Starting at the line with "chocolate banana bread" and going on through the line with "Pre-school children waiting", reproduce each line in the records below exactly and nothing more.

*Data listing*:
━━━━━━
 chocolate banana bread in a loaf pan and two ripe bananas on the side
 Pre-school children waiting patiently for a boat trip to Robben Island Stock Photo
━━━━━━
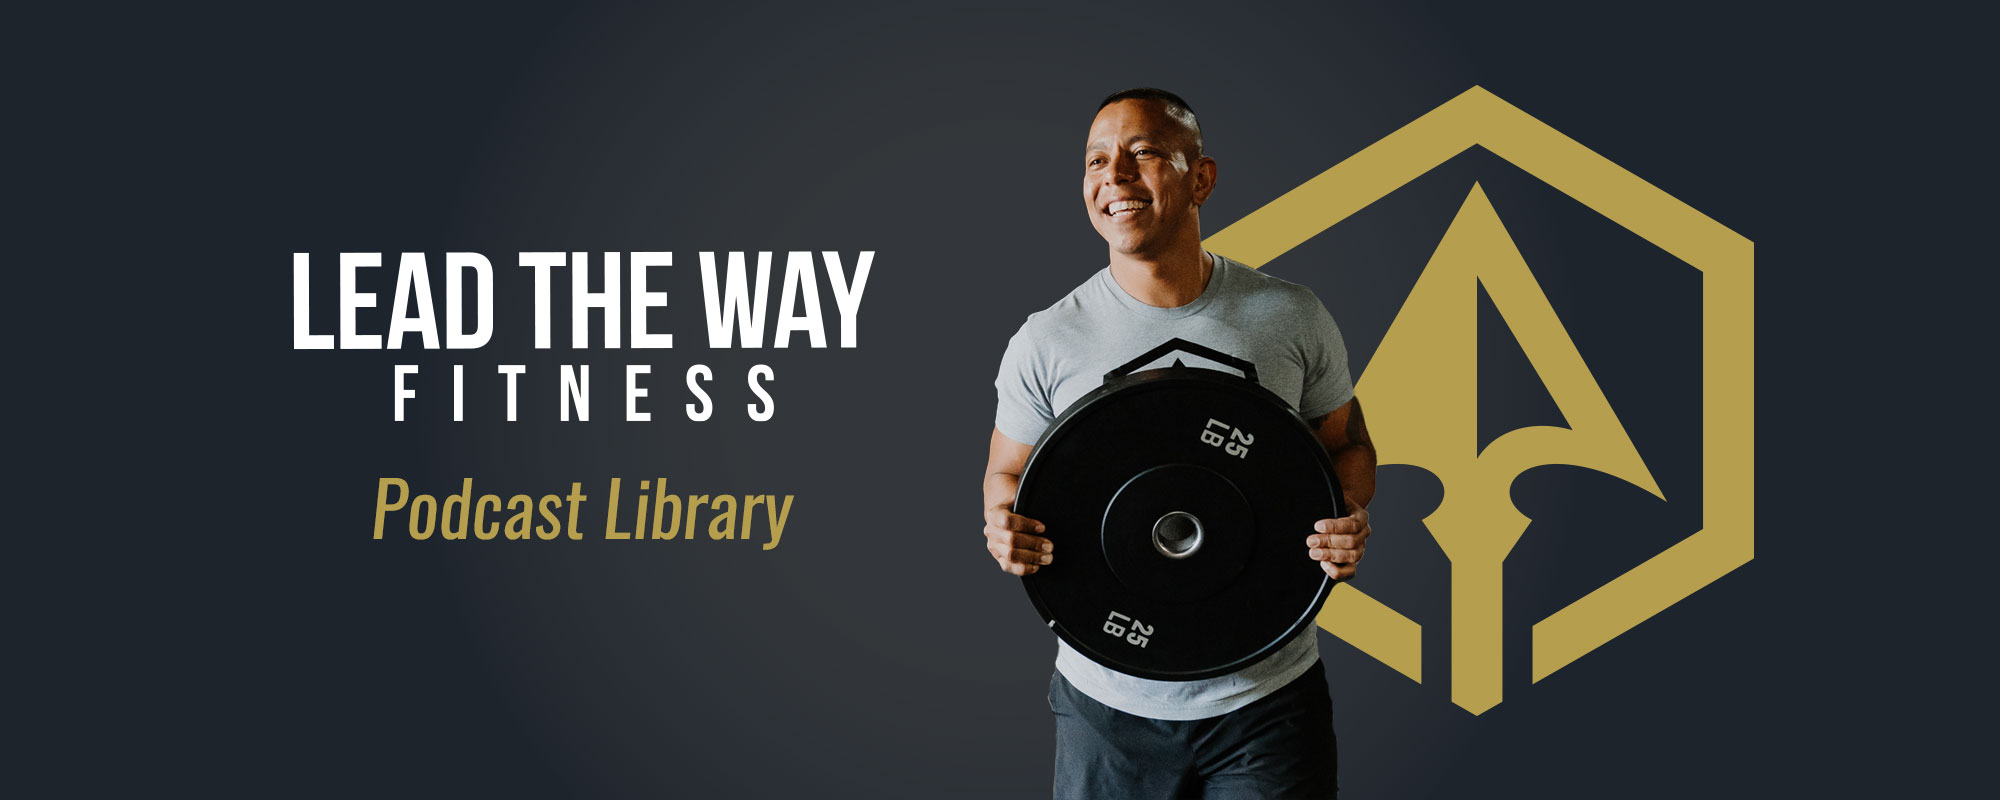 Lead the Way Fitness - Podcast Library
━━━━━━
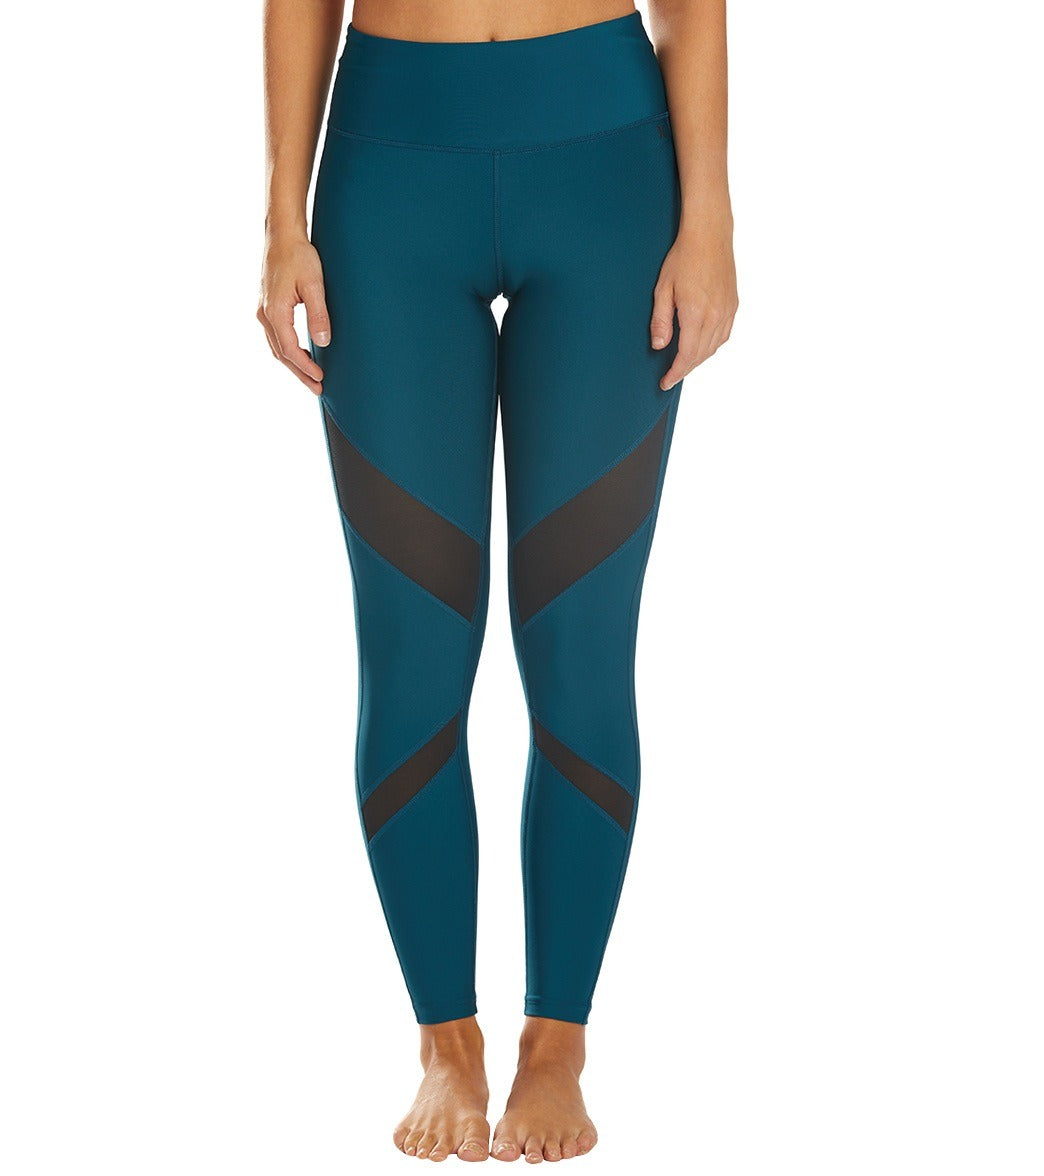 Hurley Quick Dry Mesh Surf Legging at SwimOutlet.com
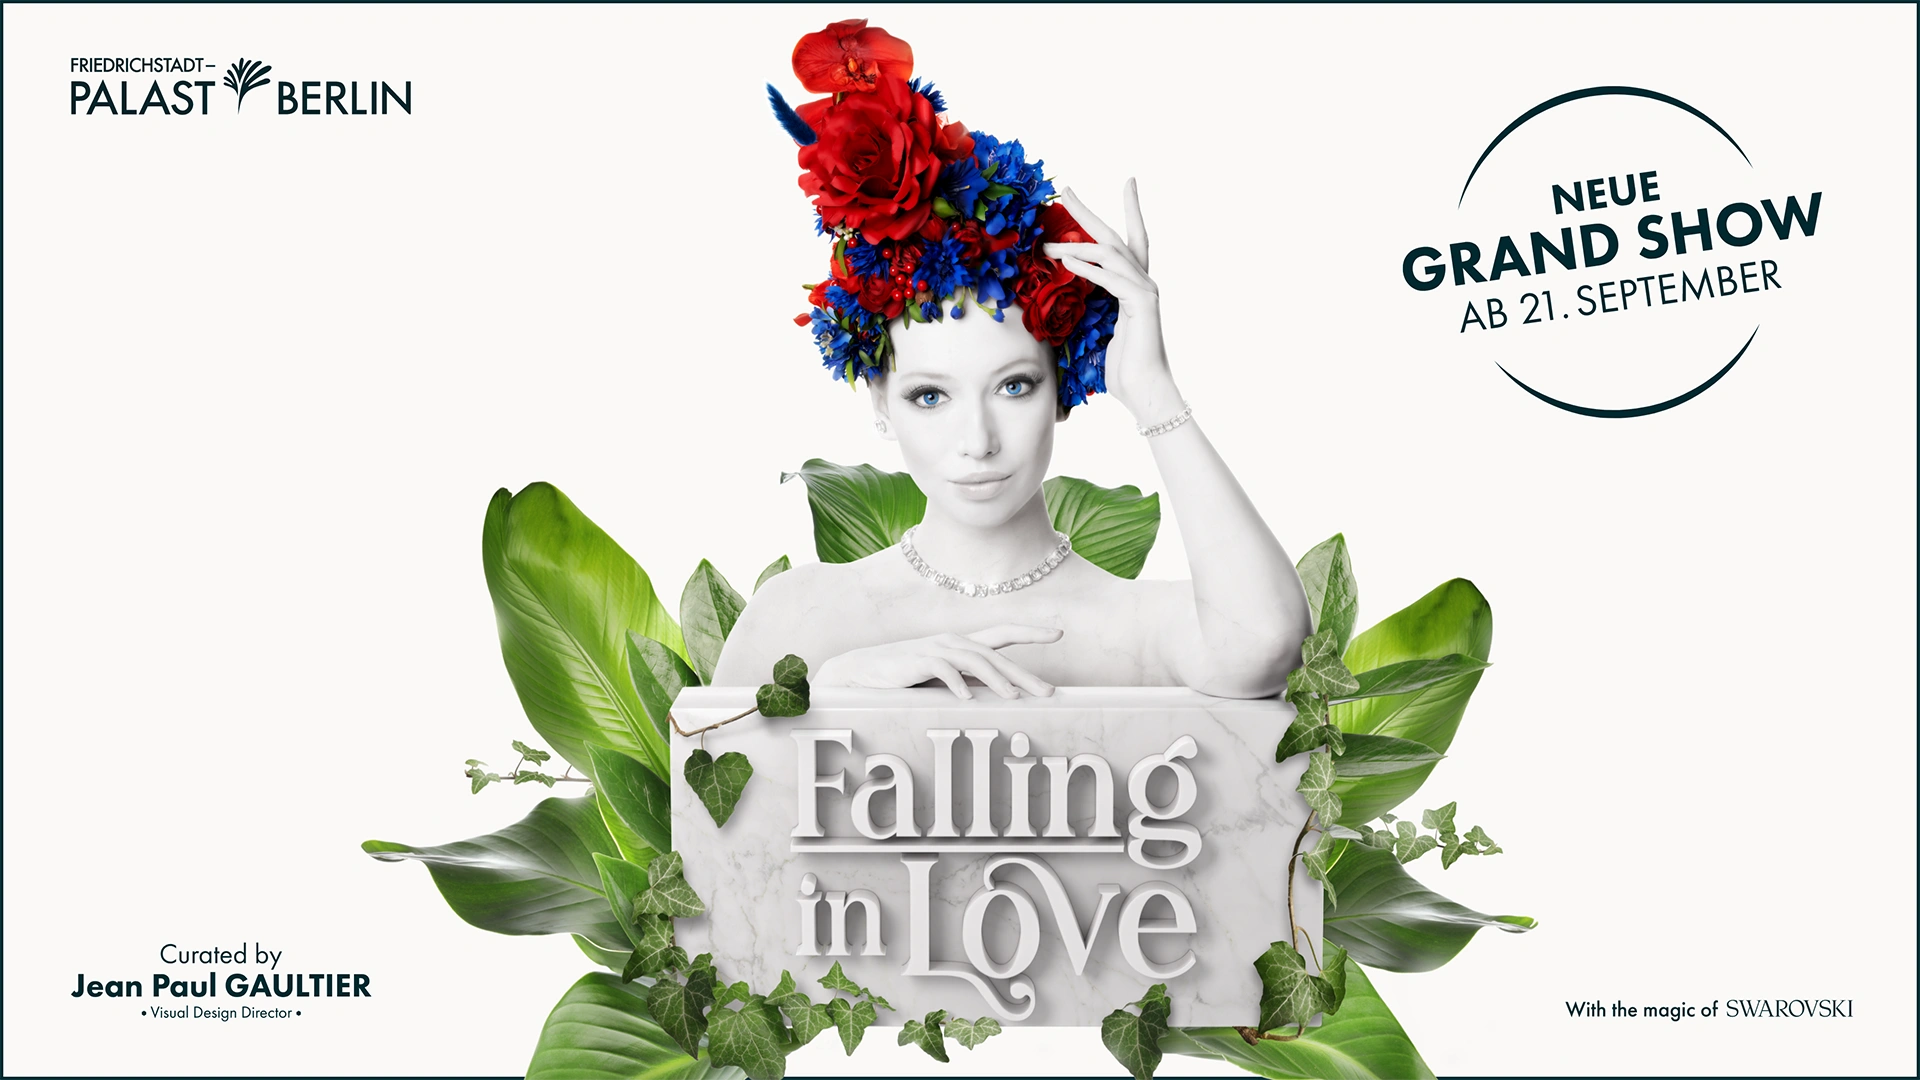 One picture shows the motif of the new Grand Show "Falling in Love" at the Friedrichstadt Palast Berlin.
━━━━━━
*Exercise output*:
 chocolate banana bread in a loaf pan and two ripe bananas on the side
 Pre-school children waiting patiently for a boat trip to Robben Island Stock Photo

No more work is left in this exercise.